_Provided records:_
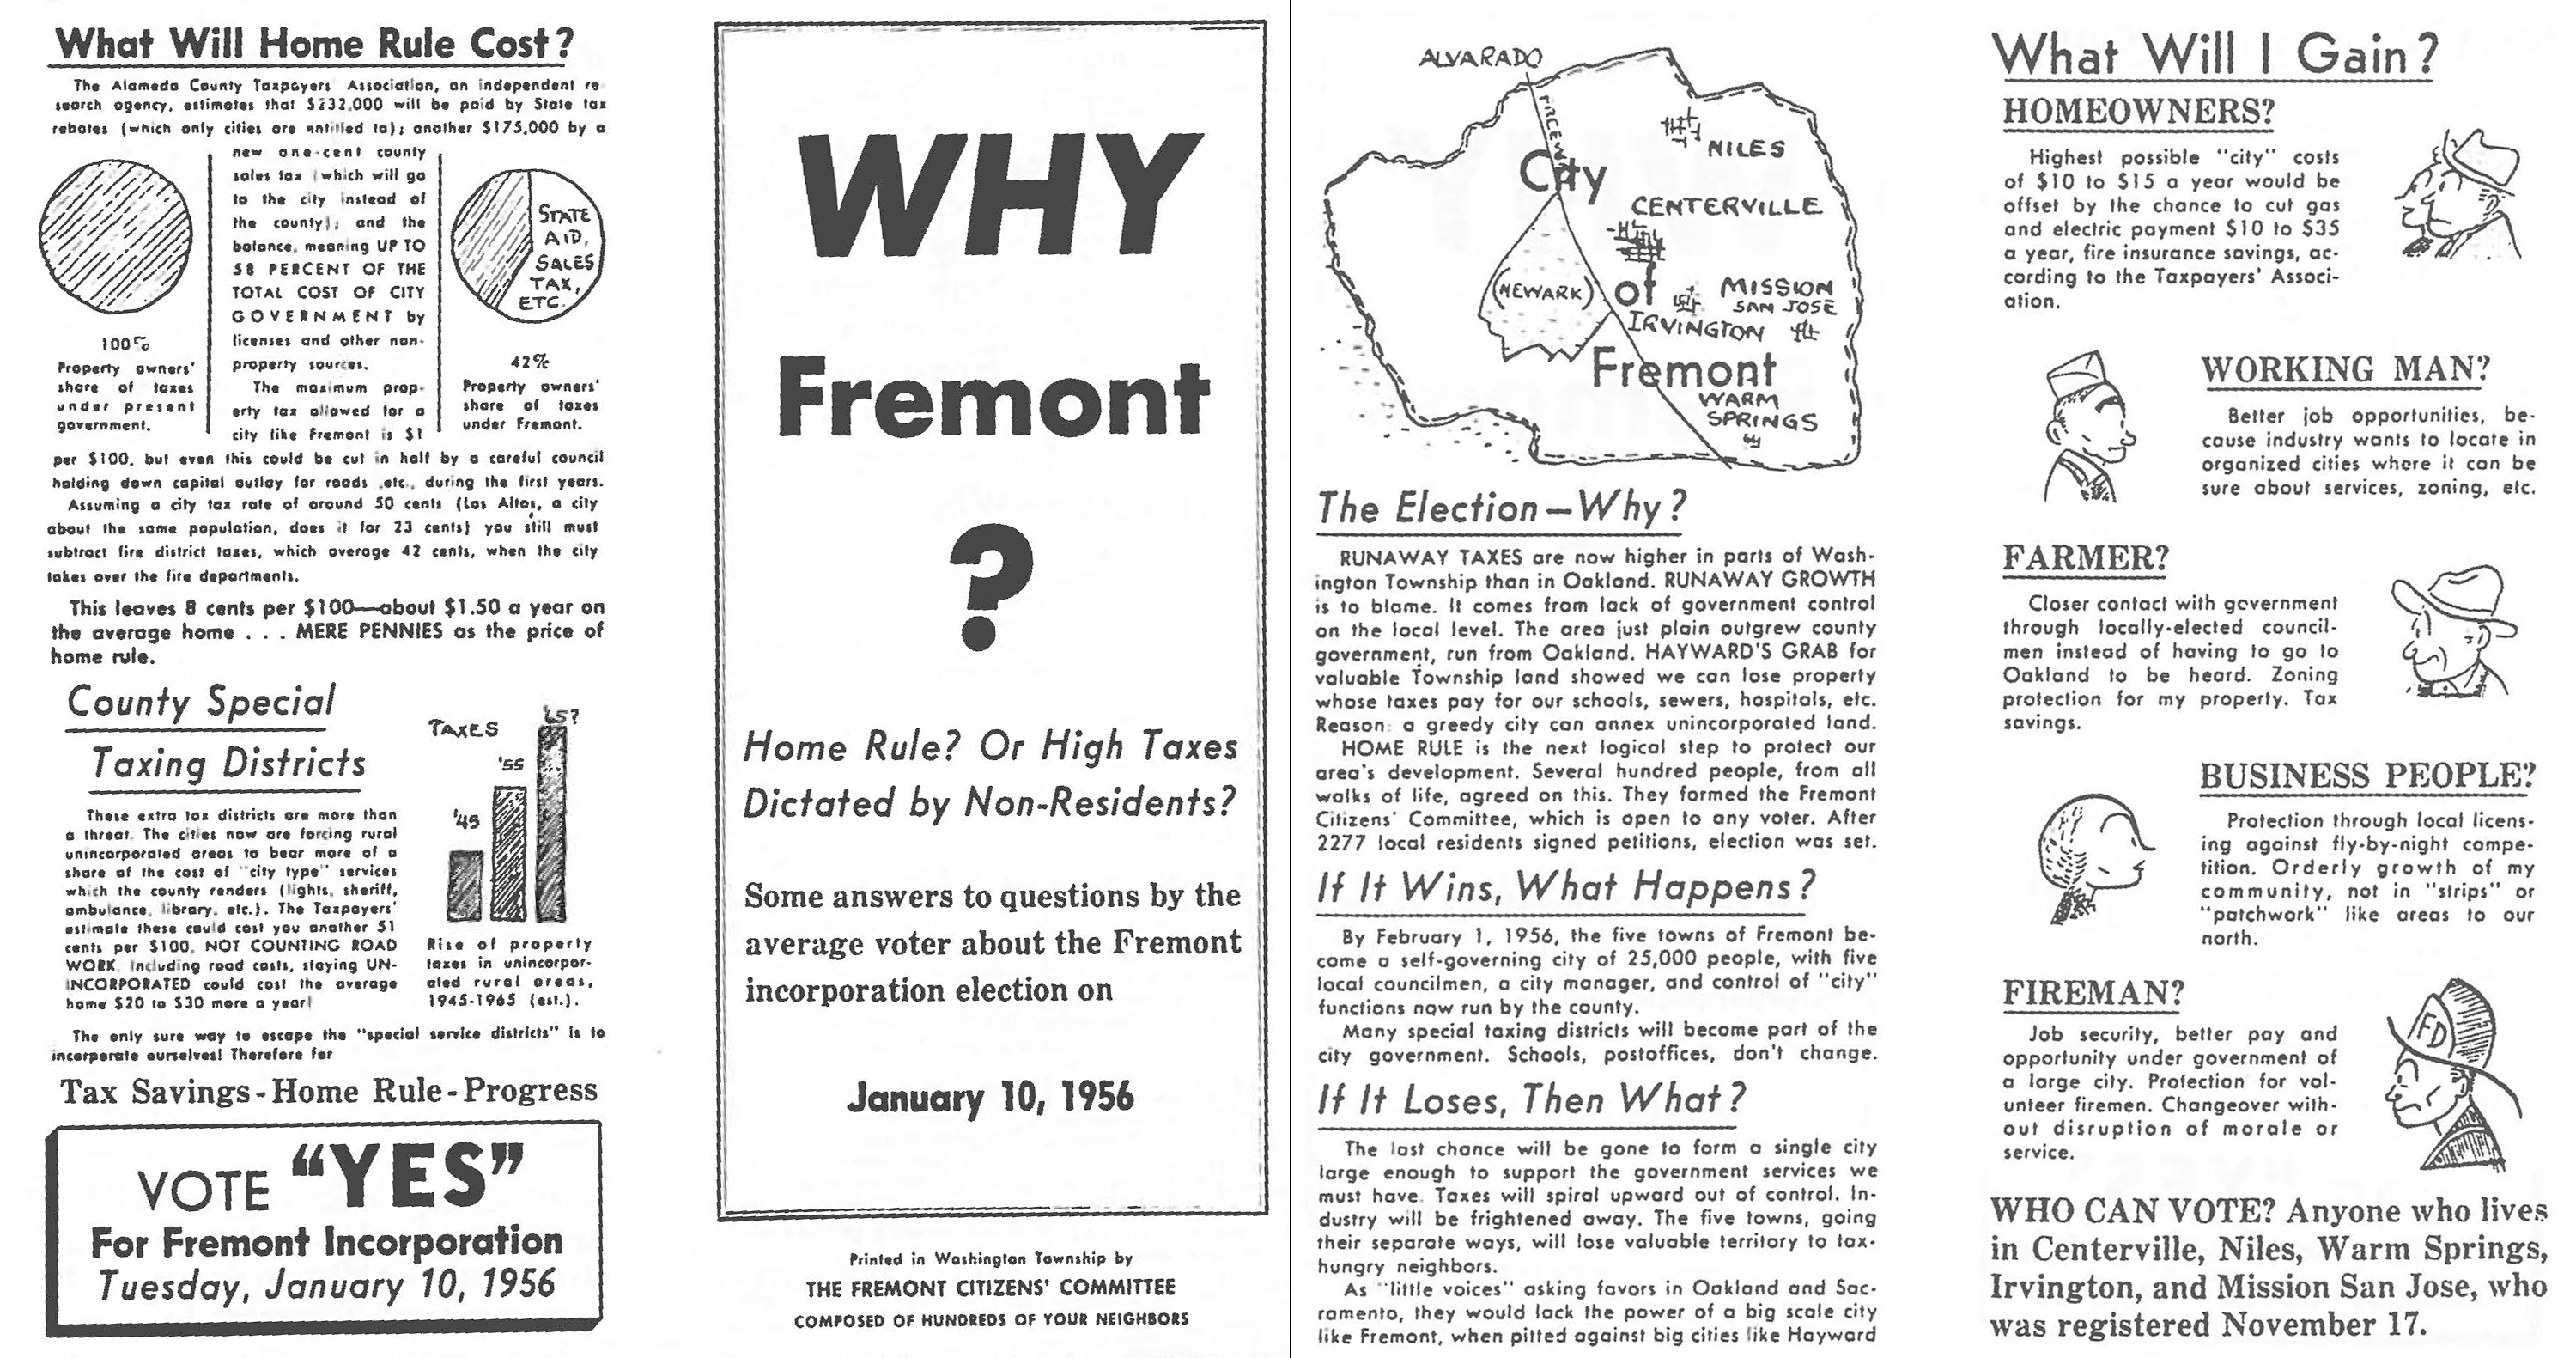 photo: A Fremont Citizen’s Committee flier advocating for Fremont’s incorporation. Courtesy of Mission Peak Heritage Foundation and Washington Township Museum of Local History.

...

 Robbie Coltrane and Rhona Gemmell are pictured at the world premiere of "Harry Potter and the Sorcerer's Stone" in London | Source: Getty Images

==

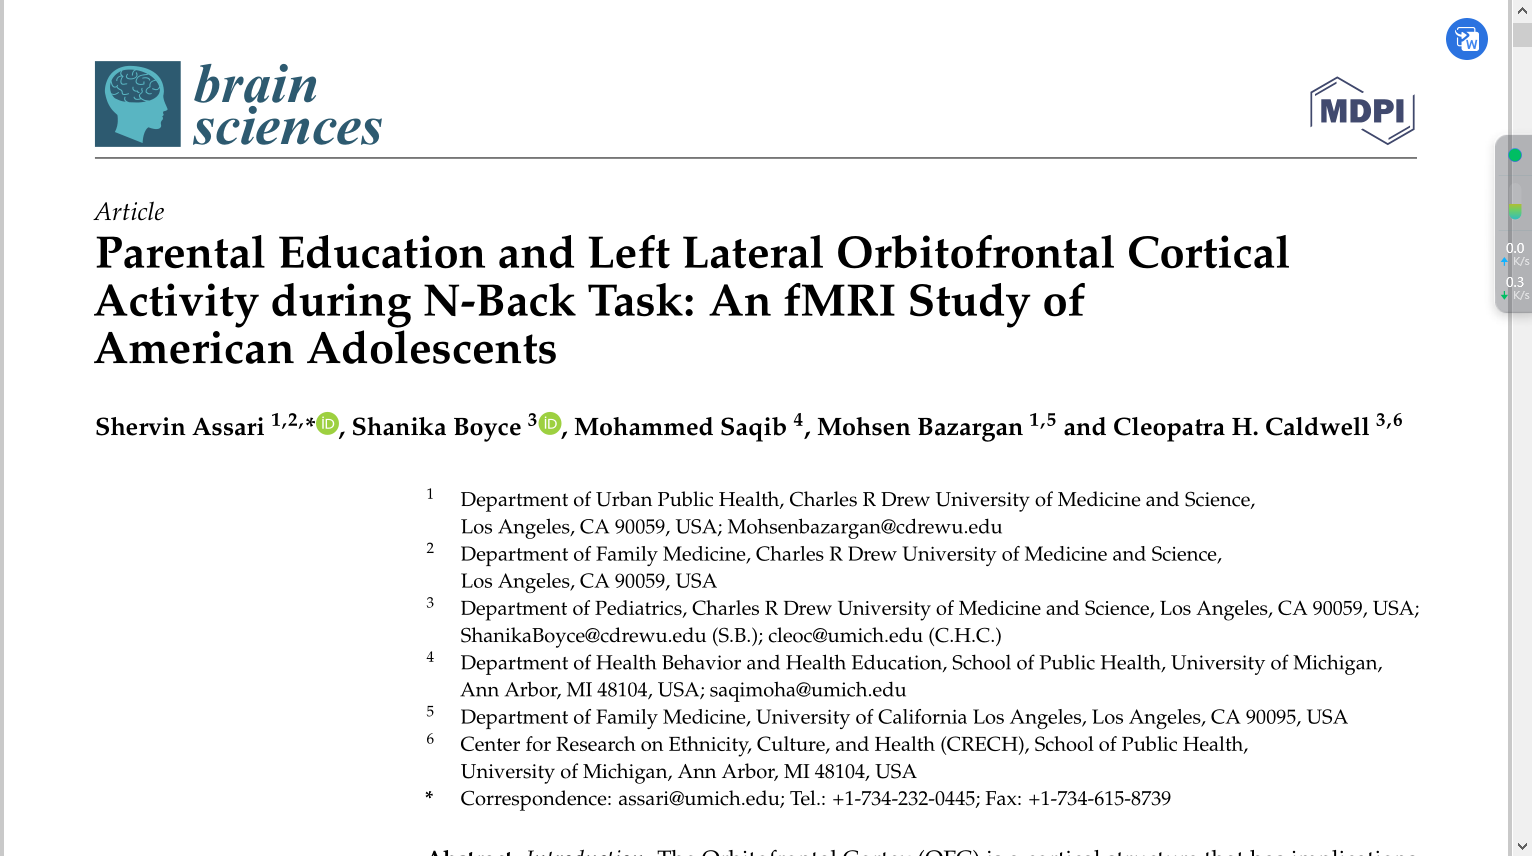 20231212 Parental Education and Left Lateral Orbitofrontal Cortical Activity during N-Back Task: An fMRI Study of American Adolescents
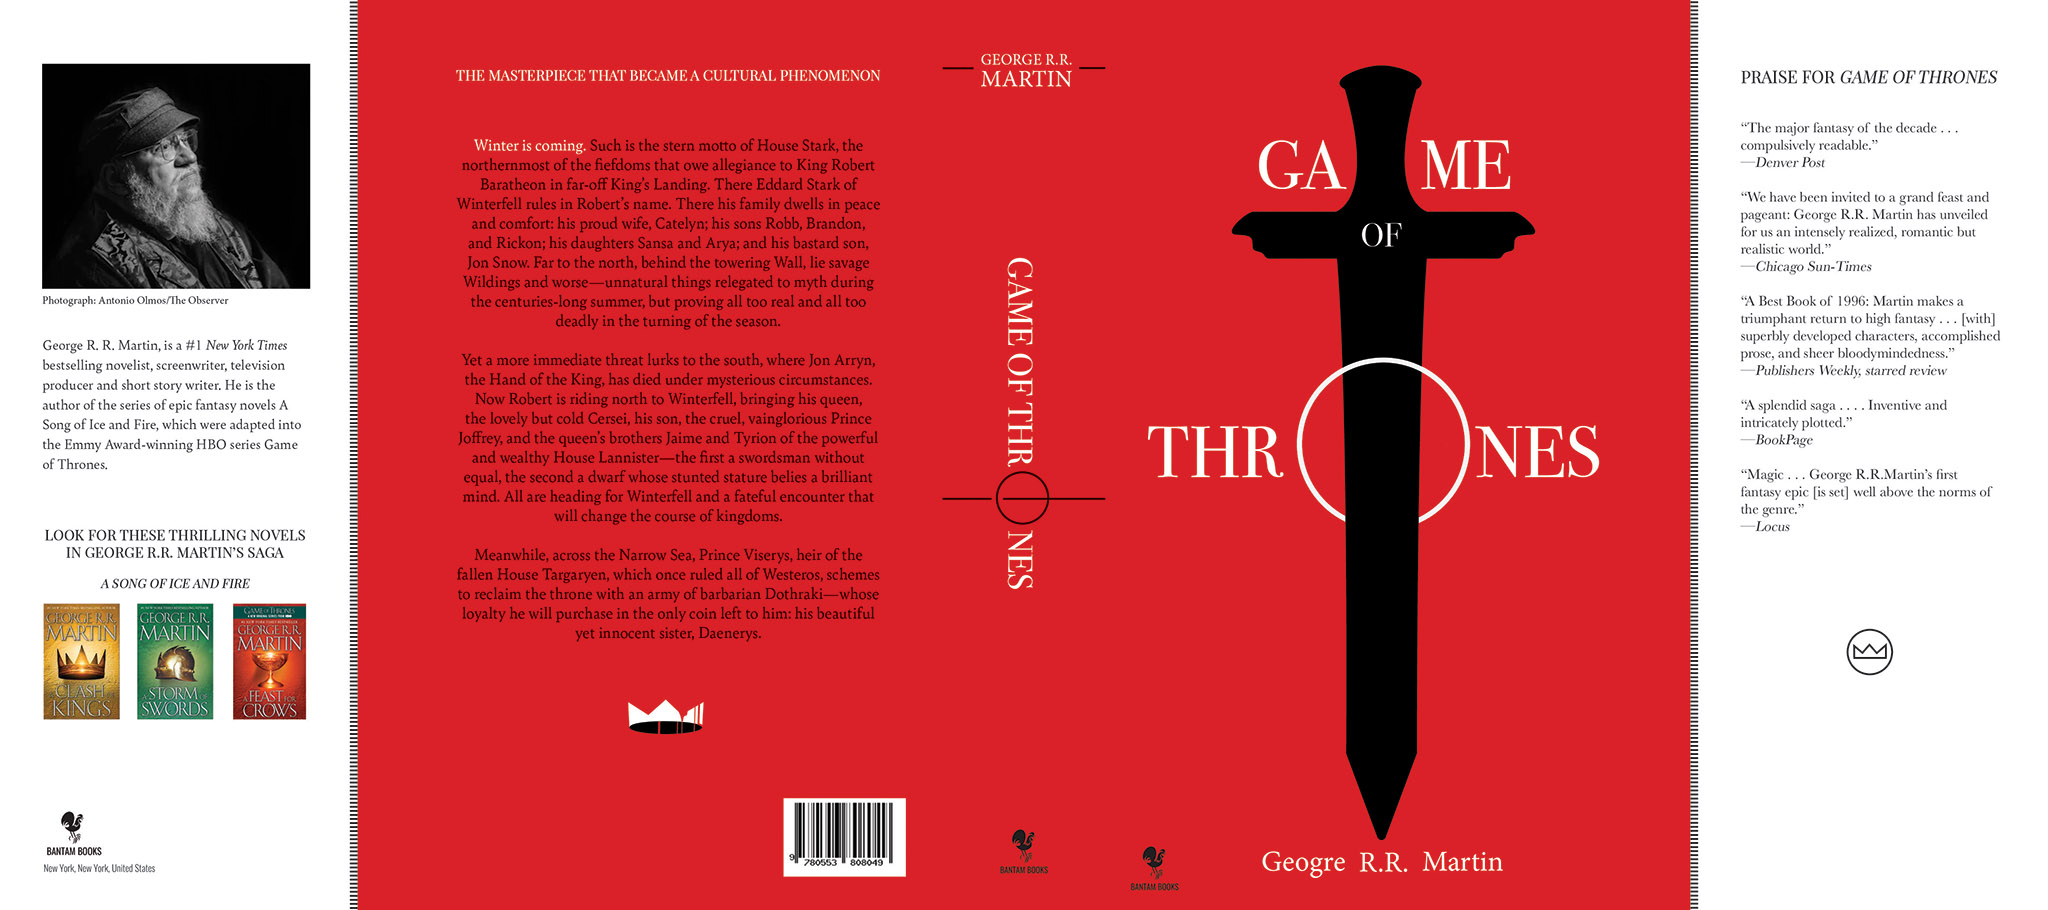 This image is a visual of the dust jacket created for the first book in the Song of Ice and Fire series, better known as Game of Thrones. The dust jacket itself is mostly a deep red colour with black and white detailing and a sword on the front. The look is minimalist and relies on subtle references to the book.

_Activity:_
Reproduce the lines above beginning at the line that contains "20231212 Parental Education" and ending at the line that contains "This image is". No pictures.

_Response to this task:_
 20231212 Parental Education and Left Lateral Orbitofrontal Cortical Activity during N-Back Task: An fMRI Study of American Adolescents
 This image is a visual of the dust jacket created for the first book in the Song of Ice and Fire series, better known as Game of Thrones. The dust jacket itself is mostly a deep red colour with black and white detailing and a sword on the front. The look is minimalist and relies on subtle references to the book.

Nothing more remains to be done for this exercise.